New York hedge fund Deerfield Management, a healthcare-only investment firm with over $8.0 billion under management, has purchased outstanding bank debt from Adeptus Health, Inc., and expects to provide additional financing, along with operational and managerial support, to Adeptus pursuant to an anticipated Chapter 11 bankruptcy process.
According to an April 3 filing with the Securities & Exchange Commission, outstanding loans totaled $212.7 million and include bridge loans provided to the company’s subsidiary First Choice ER LLC with Bank of America acting as administrative agent. Adeptus is owned by Medical Properties Trust, Inc.
According to a report from The Dallas Morning News Adeptus operates more than 90 facilities in five states, under the name First Choice Emergency Room. Deerfield will also assume master leases of facilities in Texas, Colorado, Arizona and Ohio.
The agreement between MPT and Deerfield provides for the pre-bankruptcy payment of 100% of April rent, assumption of approximately 80% of the master leased facilities at current rental rates, re-leasing of approximately 5% of the facilities to the former Louisiana venture partner and the sale or re-leasing of certain Texas facilities to new operators. MPT will provide a one-time rental credit of approximately $3.1 million during the 12 months commencing upon bankruptcy exit.
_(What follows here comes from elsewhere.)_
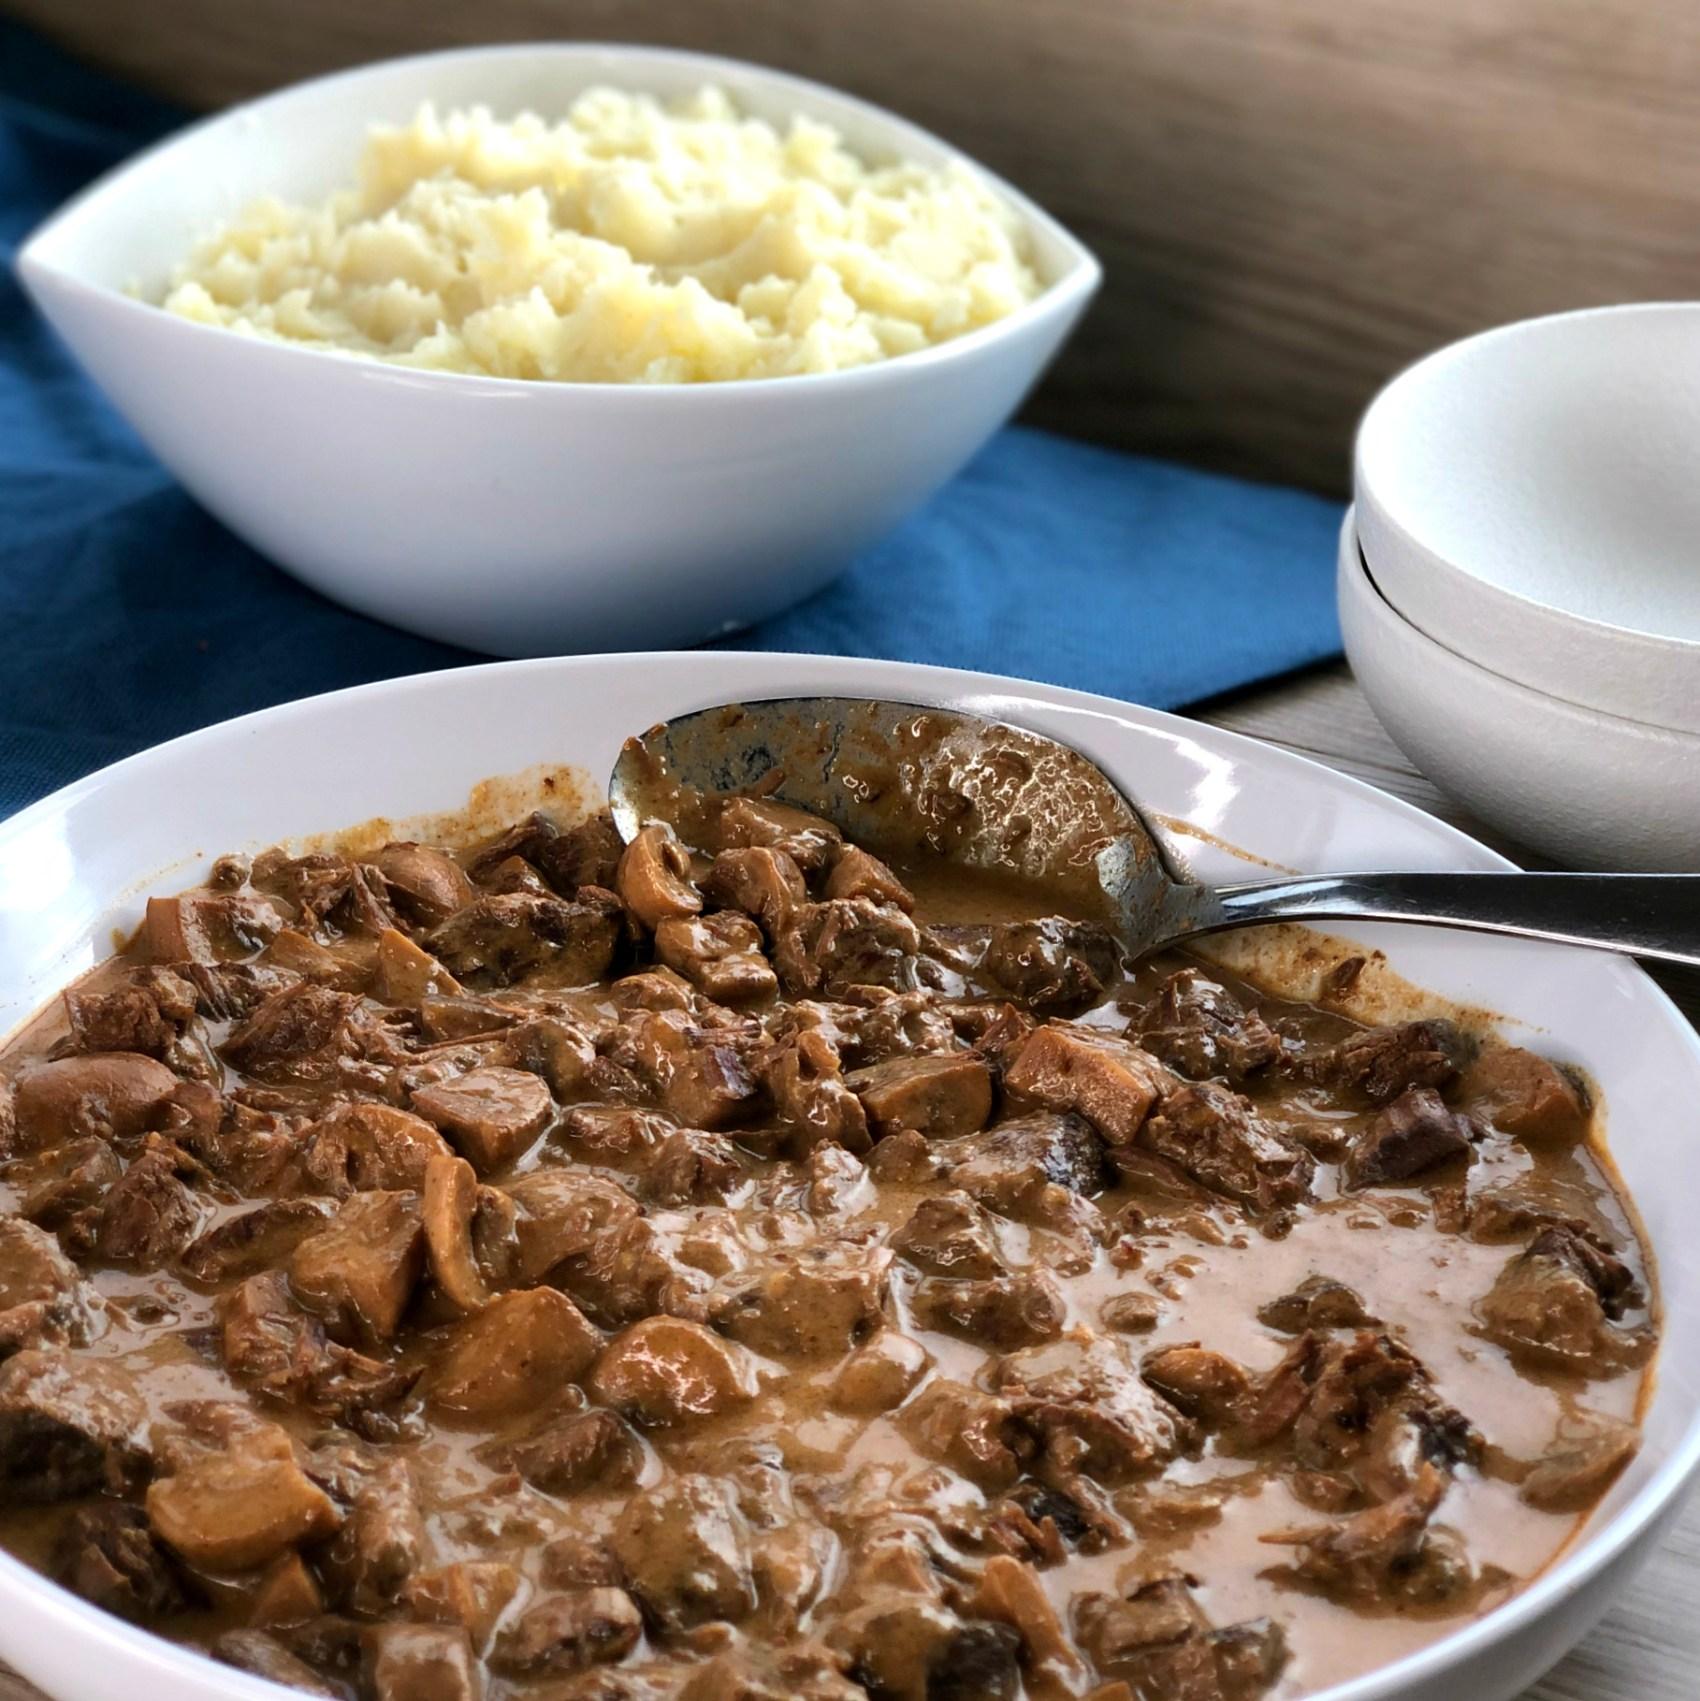 Delicious Homemade Beef Stroganoff

“We are very pleased, but not surprised, at the number of sophisticated and well capitalized investors and operators that have been attracted to our market-dominant portfolio of free-standing emergency facilities,” said Edward K. Aldag, Jr., MPT’s Chairman, President and Chief Executive. “These investors, and particularly the Deerfield team, recognize the improvements to patient care and outcomes and the lower overall costs that free standing emergency facilities provide to market-dominant hospital systems. Our unique master lease structure, specialized underwriting knowledge and industry foresight equipped MPT to achieve the outstanding results that we expect from this agreement: we will fully receive our April rent; during the restructuring we will continue to be fully paid our contractual rent for all facilities; and upon completion of the restructuring there will be no further rental or other concessions on the leases assumed.”
The company simultaneously announced that, in cooperation with Adeptus, MPT’s Louisiana free standing emergency facilities (with a total budgeted investment of up to approximately $24.0 million) have been re-leased to Ochsner Clinic Foundation, the preeminent health care system in the New Orleans area. The Ochsner leases provide for 15-year initial terms with a 9.2% average minimum lease rate based on MPT’s total development and construction cost; Ochsner has certain purchase options during the lease term based generally on the greater of MPT’s total development cost and fair value.
MPT expects to re-lease or sell certain Texas facilities representing approximately 15% of the total existing Adeptus master lease value. These transitions are expected to be completed by the fourth quarter of 2018 and Adeptus will continue to pay contractual rent until the earlier of (a) transition to a new operator is complete or (b) an agreed future date. The agreed future date for approximately 60 percent of the Transitional Facilities is one year following bankruptcy exit and the remainder Transitional Facilities have agreed future dates of 90 days post-bankruptcy exit.